How does tenacity stacking work?

I was told a looooooooooooong time ago there was a max %, just like there is a max ASPD.

And that Irelia is the only one who can go above this value due to her passive.

Can someone explain it for me kthanxbai.


----------



## Vaeny (Mar 14, 2013)

I'm pretty sure he was giving him shit since Singed and Cait were the ONLY ones with ANY tenacity.


----------



## Kvothe Kingkiller (Mar 14, 2013)

Sasori said:


> How does tenacity stacking work?
> 
> I was told a looooooooooooong time ago there was a max %, just like there is a max ASPD.
> 
> ...



You can only get a max of 35% tenacity from items alone. Champions like Irelia, Singed, Mundo have a built in tenacity that will stack multiplicatively with items. 

So say you have max tenacity on Irelia (which is 40%) the calculation goes like this
1-((1-.35)*(1-.4)) = .61. So you get 61% reduction of CC duration if you're Irelia with max tenacity (40%) + Merc threads or any other tenacity item. (Note: If you get Mercs + Zephyr, the passive is unique therefore won't stack). 

Even a long time ago, the max tenacity you can get was 35%. I don't think it stacked before but I don't remember. Champions with built in tenacity stacked though.

This applies to other league of legends with built in tenacity. Source: Google.

I want to playyyyyyy. Fuck school.


----------



## Sasori (Mar 14, 2013)

So it hasn't changed yay.


----------



## Maerala (Mar 14, 2013)

Why is some creepy Swede trying to add me on Facebook.

...



>deletes me from LoL
>adds me on FB

Makes sense.


----------



## Gogeta (Mar 14, 2013)

I just realized there is a special animation on Darius's Axe after you ulti (and kill) during that 12 second period when you can ulti again.

So awesome


----------



## Darth (Mar 14, 2013)

Demonic Shaman said:


> You can only get a max of 35% tenacity from items alone. Champions like Irelia, Singed (Not anymore hue), Mundo have a built in tenacity that will stack multiplicatively with items.
> 
> So say you have max tenacity on Irelia (which is 40%) the calculation goes like this
> 1-((1-.35)*(1-.4)) = .61. So you get 61% reduction of CC duration if you're Irelia with max tenacity (40%) + Merc threads or any other tenacity item. (Note: If you get Mercs + Zephyr, the passive is unique therefore won't stack).
> ...




Well said Terry. Aside from the fact that you completelg forgot about the 15% Tenhaxity mastery. Meaning any champion in the game can now exceed the base 35% 

Otger than that though, well said.


----------



## Santí (Mar 14, 2013)

> Long math and formulas


----------



## Kvothe Kingkiller (Mar 14, 2013)

Darth said:


> Well said Terry. Aside from the fact that you completelg forgot about the 15% Tenhaxity mastery. Meaning any champion in the game can now exceed the base 35%
> 
> Otger than that though, well said.



Not Singed anymore? What? I thought his ultimate gives him tenacity. Derp. 

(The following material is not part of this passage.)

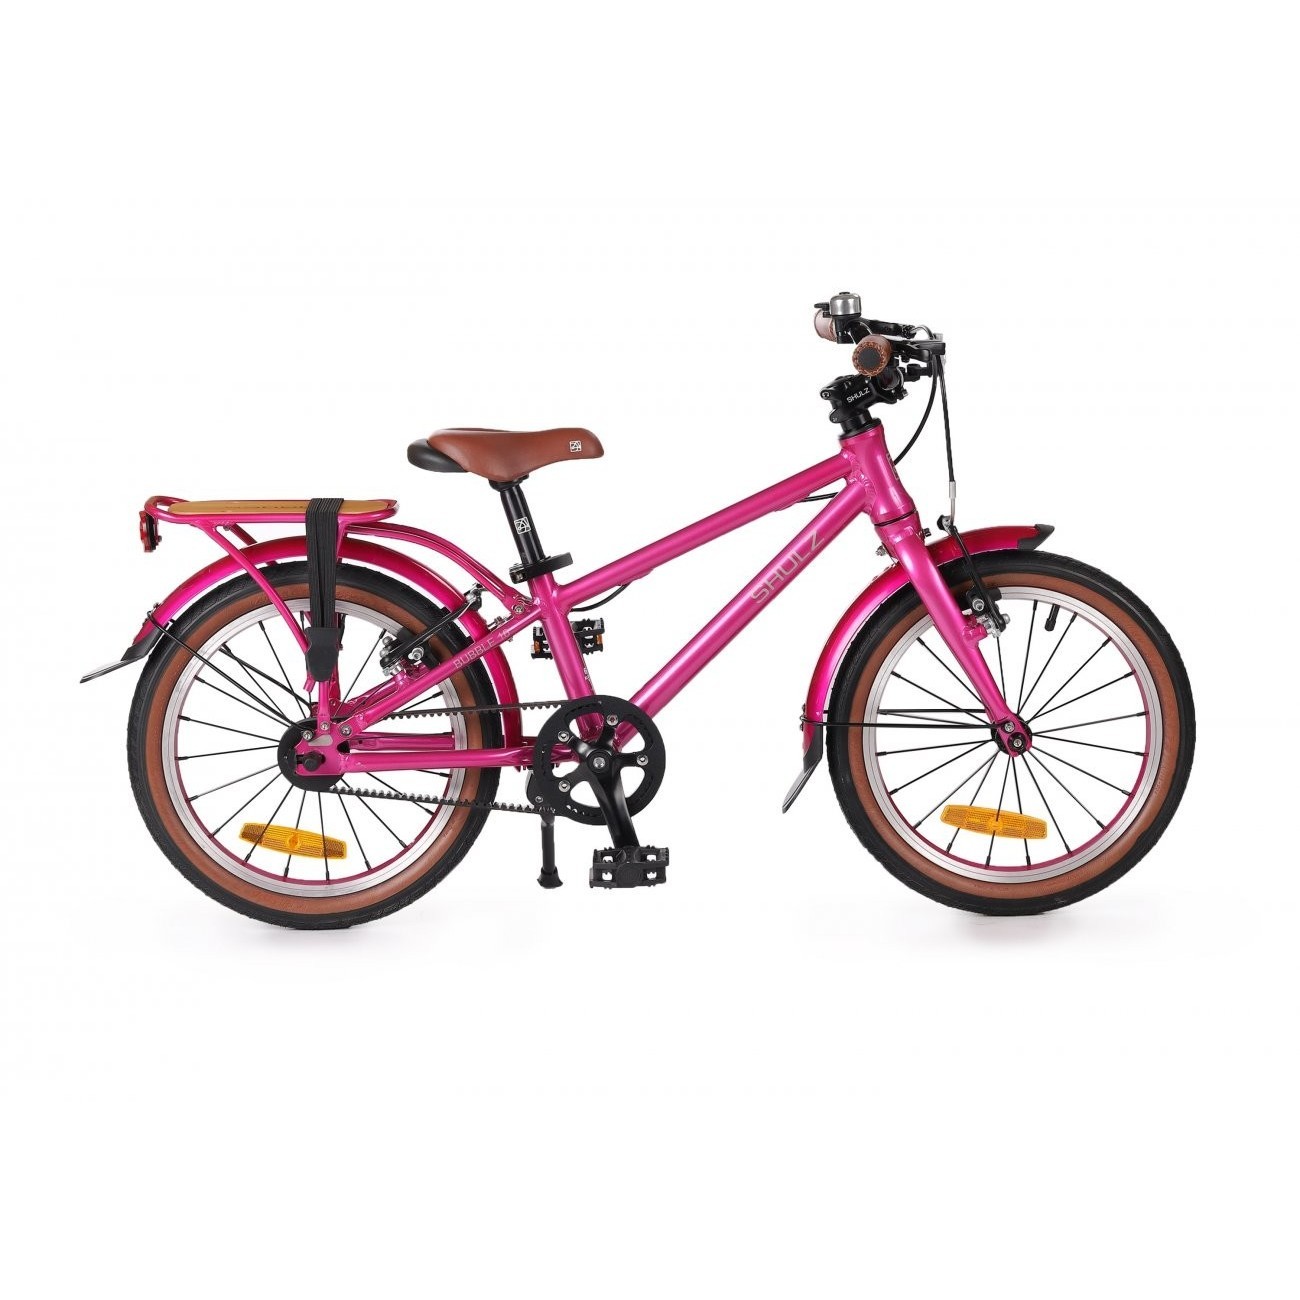 Шульц бабл. Велосипеды Shulz Bubble 20 2018. Детский велосипед Шульц 16. Shulz велосипед Chloe 16 зеленый. Кий велосипед Shulz Bubble 16.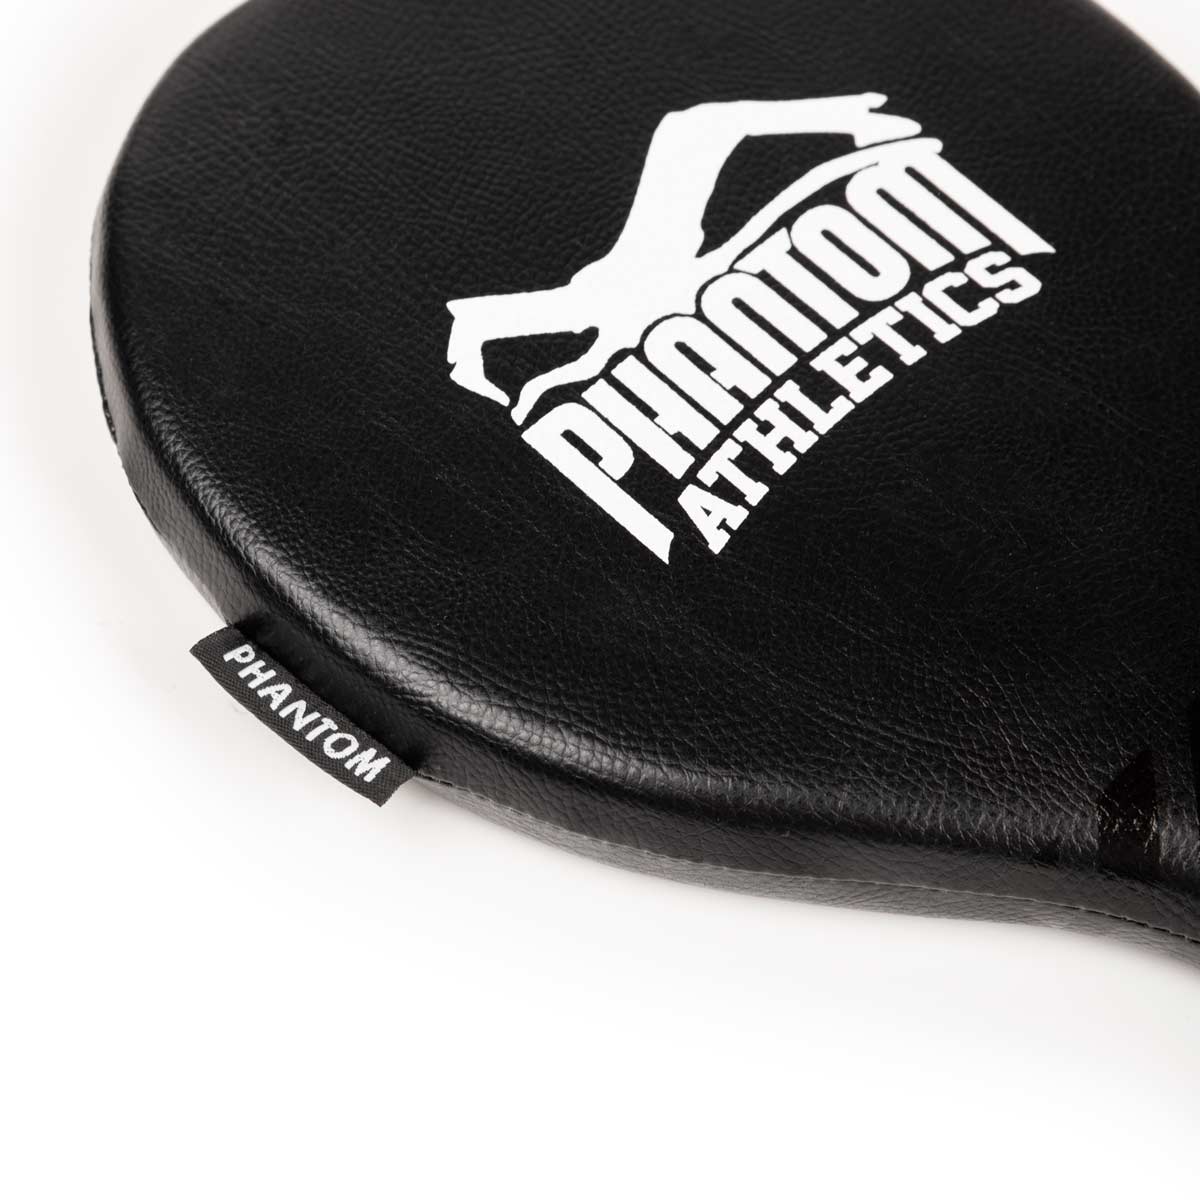 Die Phantom Boxing Paddles sind die idealen Schlagpratzen um Speed und Präzision zu trainieren. Egal ob MMA, Boxen, Kickboxen oder Muay Thai. Mit den Phantom Boxing Paddles bringst du dein Striking auf das nächste Level. Etliche Details unterstreichen die qualitative Bauweise.

If we're adding the mastery onto it for champions that aren't Irelia, and shit, then the max Tenacity they can get is 44% but if you're Irelia, 66%. That actually a 5% increase with the mastery from before. Unless I got my math wrong but I don't want to double check.. (I just forgot that there's a Tenacity mastery, boo)

Long math and formula? It's basic addition, multiplication, and subtraction luls.


----------



## Sansa (Mar 14, 2013)

Should I get Kog, MF,or Ezreal?


----------



## FLORIDA MAN (Mar 14, 2013)

fortune doesn't favor f00ls


----------



## Lord Genome (Mar 14, 2013)

Demonic Shaman said:


> Not Singed anymore? What? I thought his ultimate gives him tenacity. Derp.
> \.


atm i think it still does, unless the singed nerfs already happening. if they havent, then hes losing the tenacity bonus and his fling is like a .7 ratio instead of 1


----------



## Sansa (Mar 14, 2013)

WAD said:


> fortune doesn't favor f00ls



MF looks so easy to play.

Ezreal and Kog both look harder just from their kits.


----------



## Sansa (Mar 14, 2013)

Yeah, Imma buy Miss Fortune.


----------



## Maerala (Mar 14, 2013)

The answer is Caitlyn.


----------



## Sansa (Mar 14, 2013)

I already have Caitlyn fool.


----------



## Sansa (Mar 14, 2013)

Can you lose your ribbon?

I just got into a match and my ribbon isn't there anymore.


----------



## OS (Mar 14, 2013)

Apparently. I have heard of this problem before somewhere else.


----------



## Sansa (Mar 14, 2013)

I worked for that ribbon.


----------



## Zhen Chan (Mar 14, 2013)

I just stomped an entire team as ap xin. It hurts to see people lose to a gimmick


----------



## Didi (Mar 14, 2013)

Jiyeon said:


> Should I get Kog, MF,or Ezreal?





Jiyeon said:


> MF looks so easy to play.
> 
> Ezreal and Kog both look harder just from their kits.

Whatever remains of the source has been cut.